Toke Høiland-Jørgensen Aug. 18, 2021, 12:31 p.m. UTC | #1
Lorenzo Bianconi <lorenzo@kernel.org> writes:

> For XDP frames split over multiple buffers, the xdp_md->data and

> xdp_md->data_end pointers will point to the start and end of the first

> fragment only. bpf_xdp_adjust_data can be used to access subsequent

> fragments by moving the data pointers. To use, an XDP program can call

> this helper with the byte offset of the packet payload that

> it wants to access; the helper will move xdp_md->data and xdp_md ->data_end

> so they point to the requested payload offset and to the end of the

> fragment containing this byte offset, and return the byte offset of the

> start of the fragment.

> To move back to the beginning of the packet, simply call the

> helper with an offset of '0'.

> Note also that the helpers that modify the packet boundaries

> (bpf_xdp_adjust_head(), bpf_xdp_adjust_tail() and

> bpf_xdp_adjust_meta()) will fail if the pointers have been

> moved; it is the responsibility of the BPF program to move them

> back before using these helpers.

>

> Suggested-by: John Fastabend <john.fastabend@gmail.com>

> Signed-off-by: Lorenzo Bianconi <lorenzo@kernel.org>

> ---

>  include/net/xdp.h              |  8 +++++

>  include/uapi/linux/bpf.h       | 32 ++++++++++++++++++

>  net/bpf/test_run.c             |  8 +++++

>  net/core/filter.c              | 61 +++++++++++++++++++++++++++++++++-

>  tools/include/uapi/linux/bpf.h | 32 ++++++++++++++++++

>  5 files changed, 140 insertions(+), 1 deletion(-)

>

> diff --git a/include/net/xdp.h b/include/net/xdp.h

> index cdaecf8d4d61..ce4764c7cd40 100644

> --- a/include/net/xdp.h

> +++ b/include/net/xdp.h

> @@ -82,6 +82,11 @@ struct xdp_buff {

>  	struct xdp_txq_info *txq;

>  	u32 frame_sz; /* frame size to deduce data_hard_end/reserved tailroom*/

>  	u16 flags; /* supported values defined in xdp_flags */

> +	/* xdp multi-buff metadata used for frags iteration */

> +	struct {

> +		u16 headroom;	/* frame headroom: data - data_hard_start */

> +		u16 headlen;	/* first buffer length: data_end - data */

> +	} mb;

>  };

>  

>  static __always_inline bool xdp_buff_is_mb(struct xdp_buff *xdp)

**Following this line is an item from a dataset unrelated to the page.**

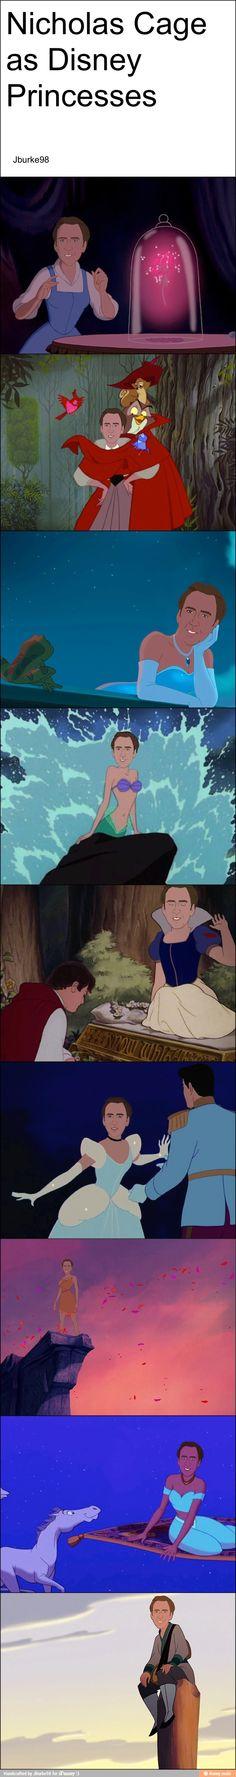 Nick cage Disney princesses / iFunny :)

> @@ -127,6 +132,9 @@ xdp_prepare_buff(struct xdp_buff *xdp, unsigned char *hard_start,

>  	xdp->data = data;

>  	xdp->data_end = data + data_len;

>  	xdp->data_meta = meta_valid ? data : data + 1;

> +	/* mb metadata for frags iteration */

> +	xdp->mb.headroom = headroom;

> +	xdp->mb.headlen = data_len;

>  }

>  

>  /* Reserve memory area at end-of data area.

> diff --git a/include/uapi/linux/bpf.h b/include/uapi/linux/bpf.h

> index ddbf9ccc2f74..c20a8b7c5c7c 100644

> --- a/include/uapi/linux/bpf.h

> +++ b/include/uapi/linux/bpf.h

> @@ -4853,6 +4853,37 @@ union bpf_attr {

>   *		Get the total size of a given xdp buff (linear and paged area)

>   *	Return

>   *		The total size of a given xdp buffer.

> + *

> + * long bpf_xdp_adjust_data(struct xdp_buff *xdp_md, u32 offset)

> + *	Description

> + *		For XDP frames split over multiple buffers, the

> + *		*xdp_md*\ **->data** and*xdp_md *\ **->data_end** pointers

> + *		will point to the start and end of the first fragment only.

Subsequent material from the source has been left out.